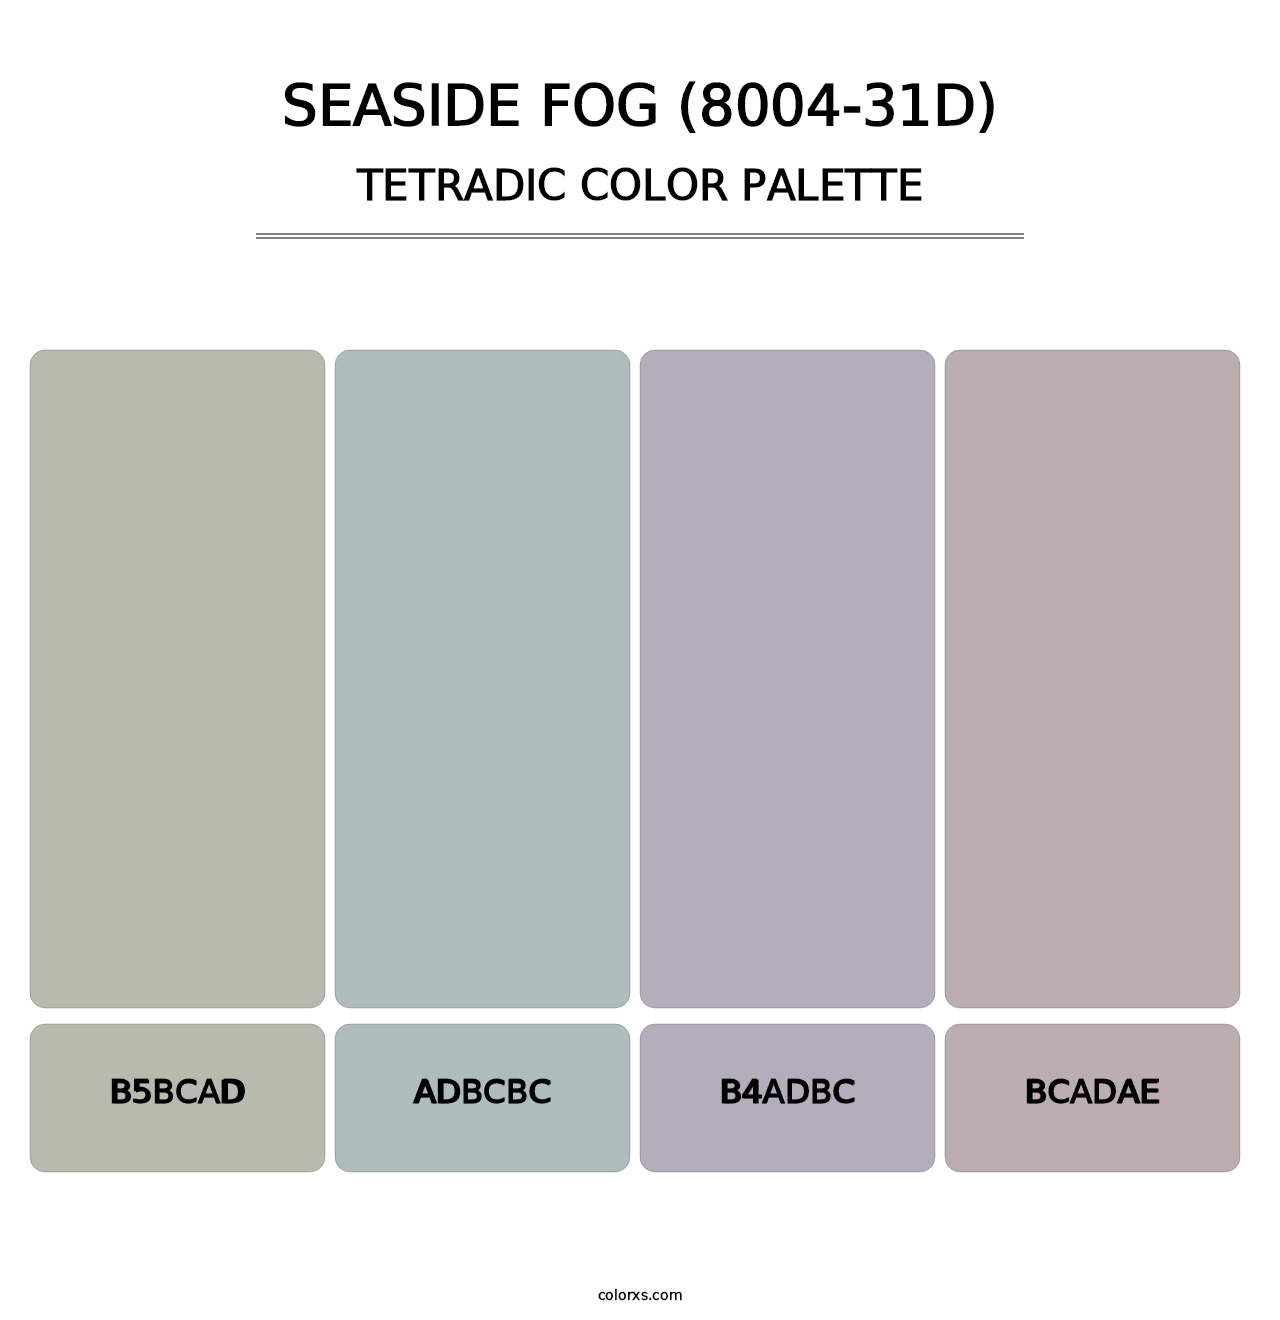 Seaside Fog (8004-31D) - Tetradic Color Palette
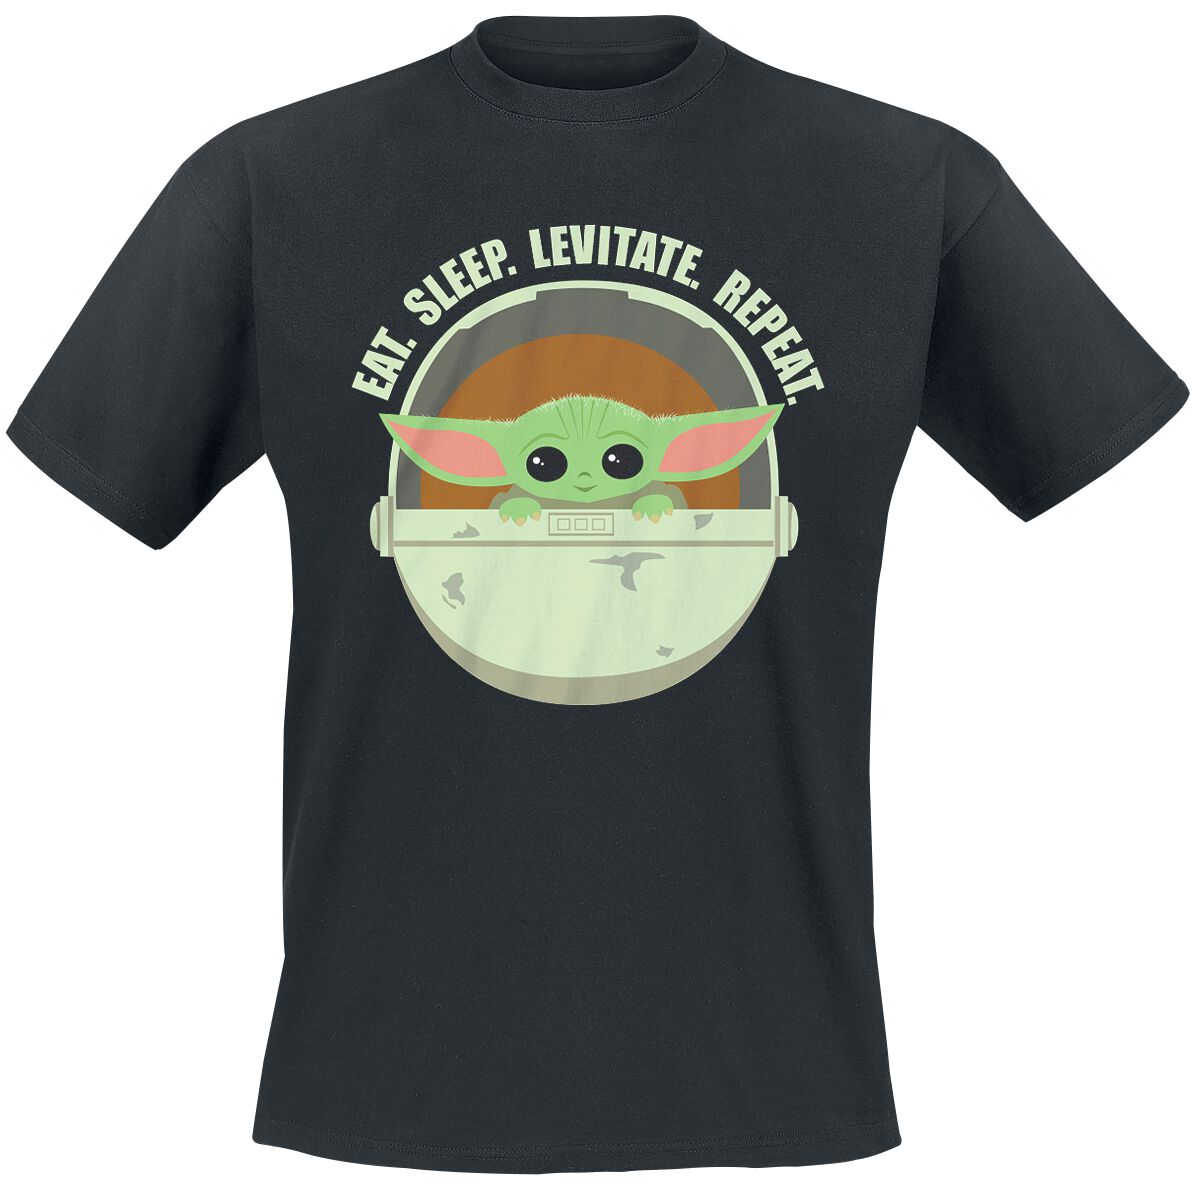 Star Wars T-Shirt - The Mandalorian - Eat. Sleep. Levitate. Repeat. - Grogu - S bis 4XL - für Männer - Größe 3XL - schwarz  - Lizenzierter Fanartikel
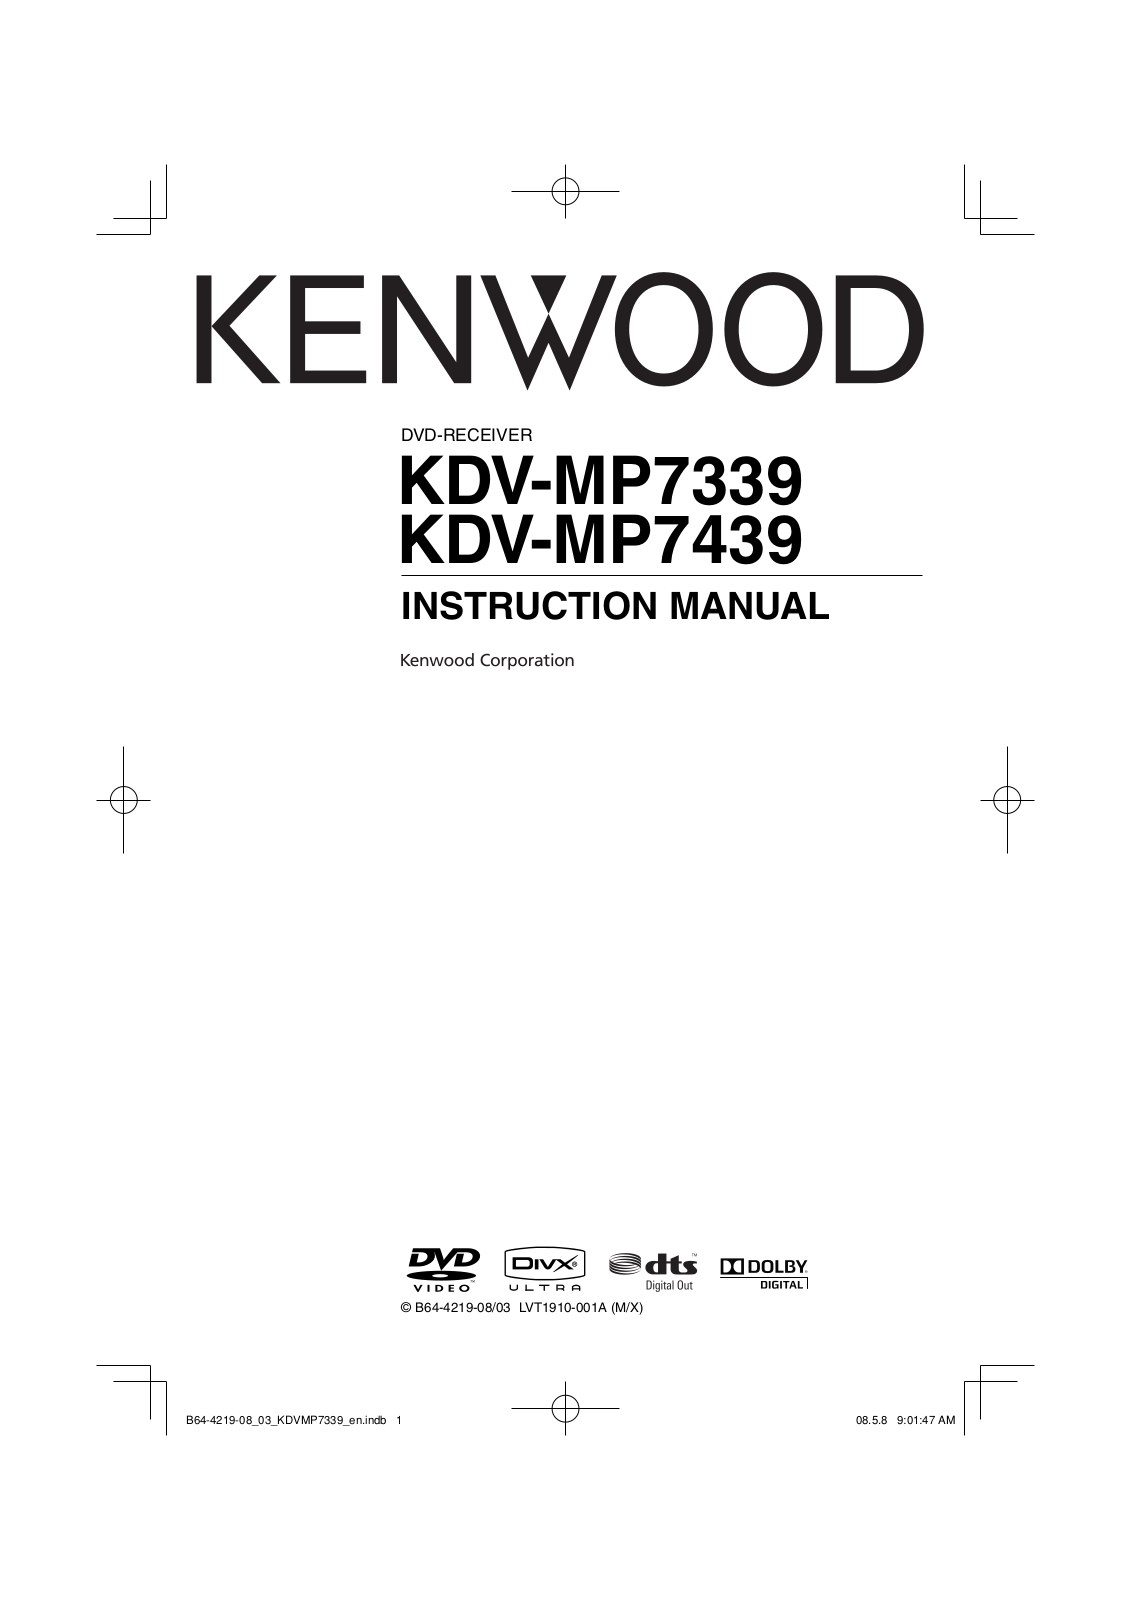 Kenwood KDV-MP7439, KDV-MP7339 User Manual
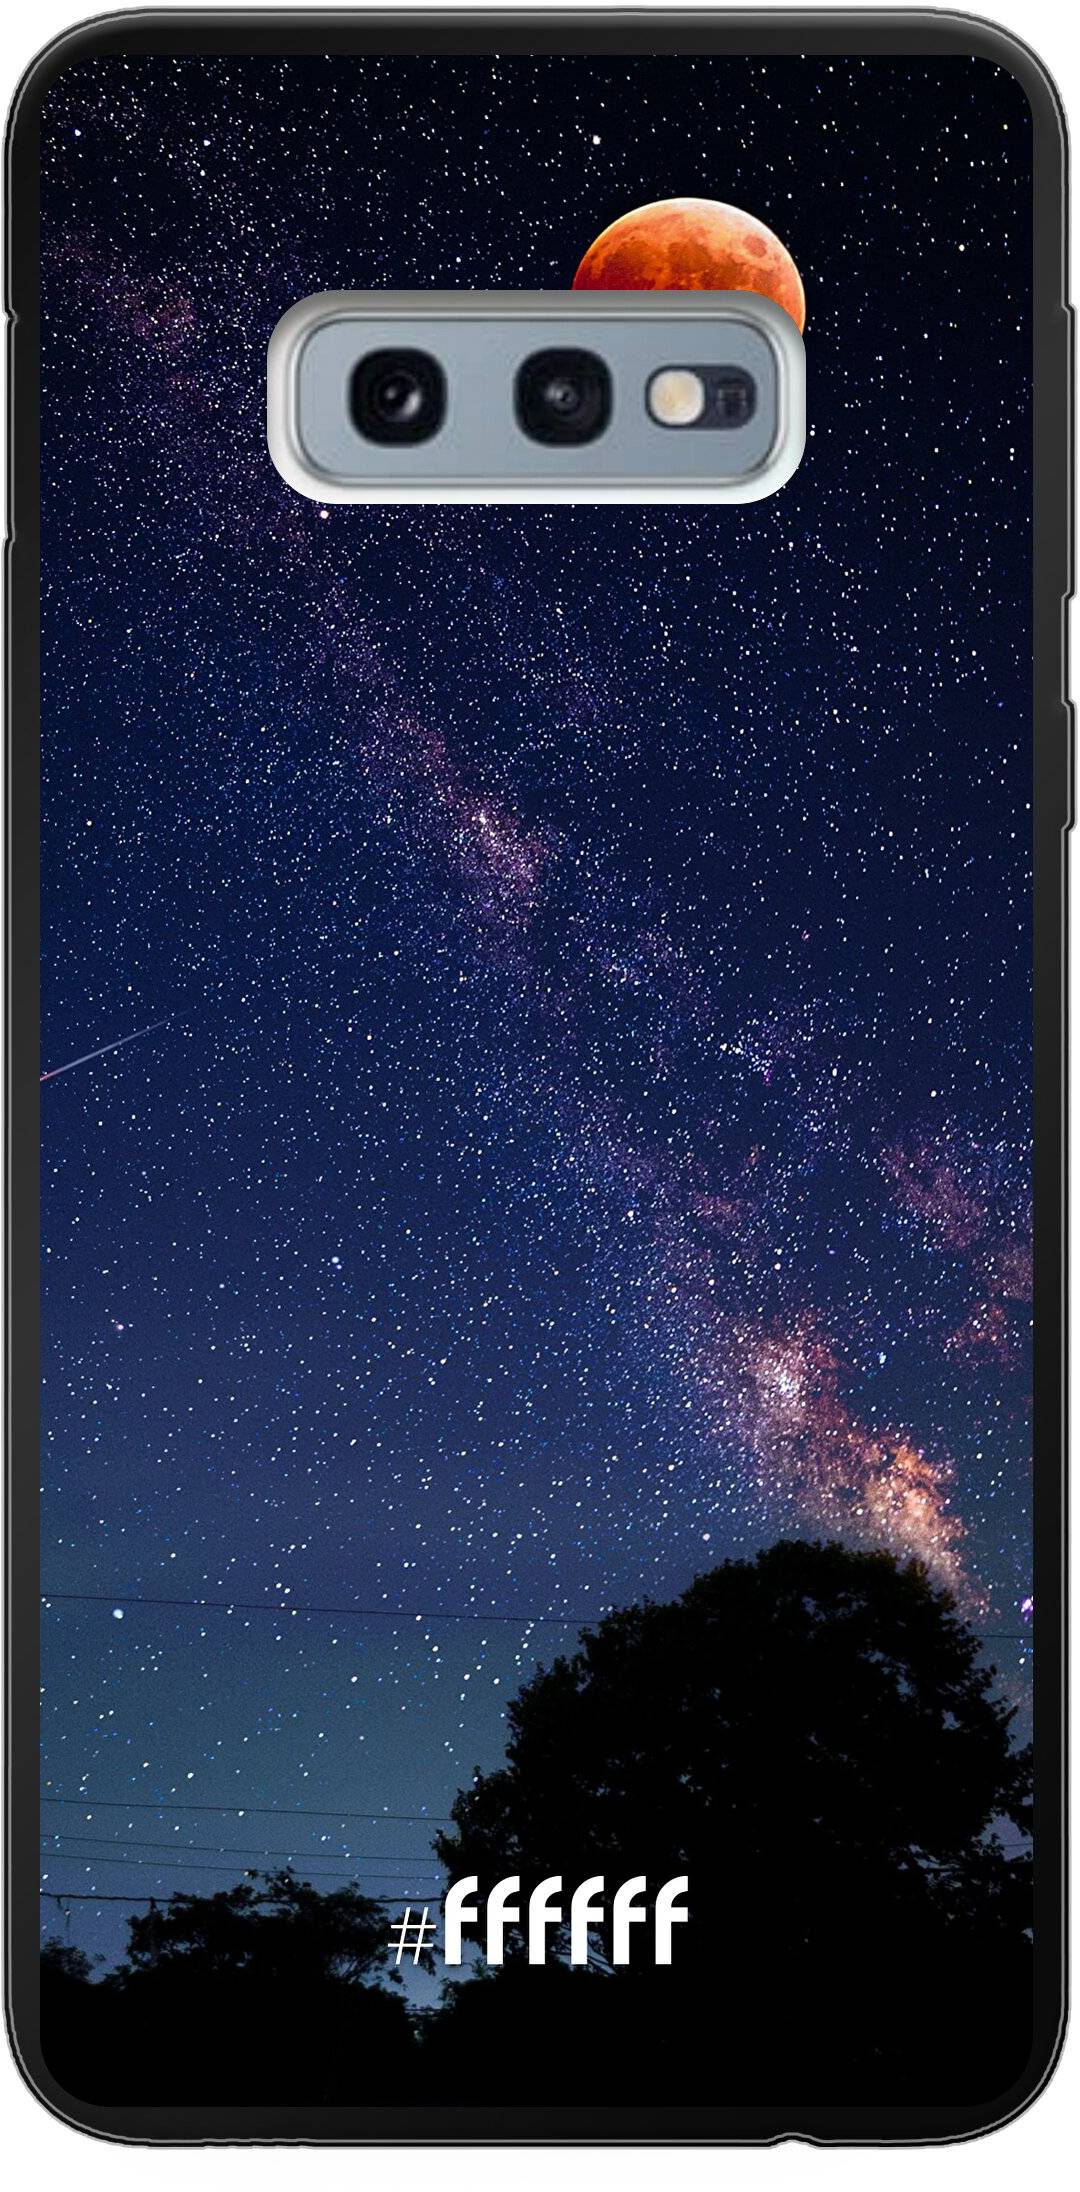 Full Moon Galaxy S10e

====

» Problem details: The data above must be given again in full and unaltered, minus its images.

» Exercise result:
 Seaside Fog (8004-31D) - Tetradic Color Palette
 Star Wars T-Shirt - The Mandalorian - Eat. Sleep. Levitate. Repeat. - Grogu - S bis 4XL - für Männer - Größe 3XL - schwarz  - Lizenzierter Fanartikel
 Kenwood KDV-MP7439, KDV-MP7339 User Manual
 Full Moon Galaxy S10e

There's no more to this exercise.